Total RNA preparation

Total RNA was extracted with TRIzol reagent (Invitrogen, Carlsbad, CA) according to the manufacturer's instruction. RNA was quantified and assessed for purity on a UV spectrophotometer.

Reverse transcription and real-time PCR

Total RNA (1 μg) was reverse-transcribed with oligo (dT) primer and M-MLVRT reverse transcriptase (Invitrogen, Carlsbad, CA) for cDNA synthesis. cDNA corresponding to 32 ng total RNA was used as the template in a 20 μl real-time PCR reaction with the ABI TaqMan Universal PCR Master Mix (Applied Biosystems, Foster City, CA) and the appropriate primer pair and Taqman probe. All primer pairs and Taqman probes were designed with Primer Express software v2.0 (Table 1). Real-time PCR was conducted using the ABI Prism 7300 real-time PCR system (Applied Biosystems, Foster City, CA). The quantification analysis for target gene expression was performed using the relative quantification comparative CT method [9].

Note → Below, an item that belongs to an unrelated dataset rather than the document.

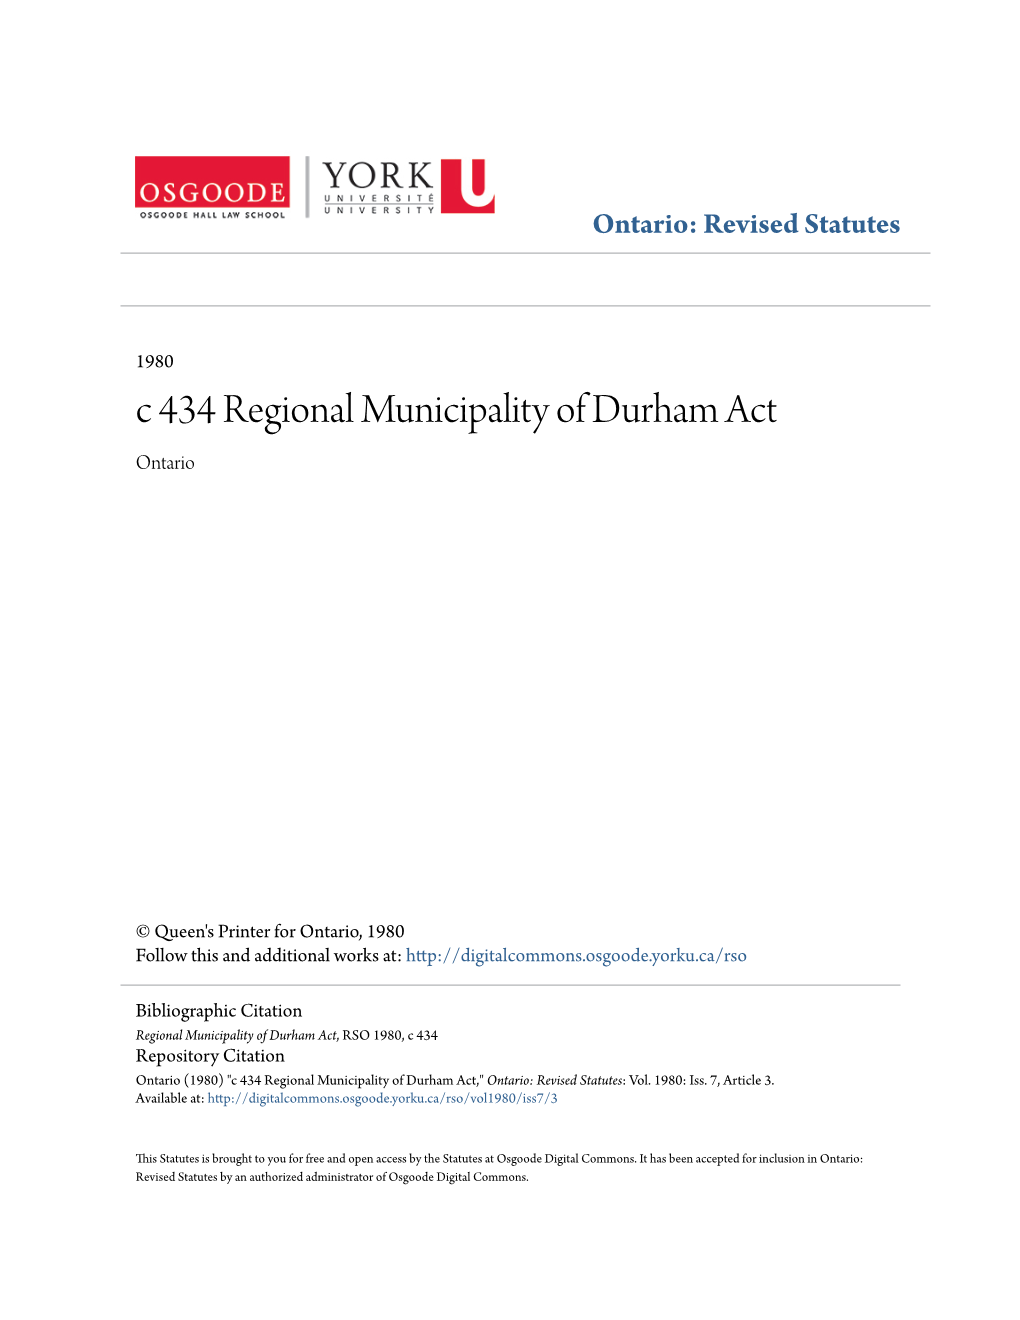 C 434 Regional Municipality of Durham Act Ontario

Table 1 Real-time PCR primers and probes used in this study

Transactivation assay

Cells (1 × 105 cells per well) were cultured overnight in 24-well plates and then transfected with different plasmids using Lipofectamine (Invitrogen, CA) according to the manufacturer's instruction. A luciferase reporter construct harboring a retinoic acid response element (RARE/DR5) (300 ng) and expression plasmids for RXRα and RARβ (50 ng) (provided by Dr. Ronald Evans, Salk Institute, CA) were used for co-transfection. A Renilla luciferase expression plasmid (10 ng) was also included in co-transfection for normalization of transfection efficiency. Cells were then treated with either DMSO or fenretinide (10 μM) for 48 hours. Fresh medium containing fenretinide was provided every 24 hours. After 48 hours, cells were harvested and firefly and renilla luciferase activities were measured using the Dual Luciferase Reporter Assay System (Promega, Madison, WI) in a luminometer.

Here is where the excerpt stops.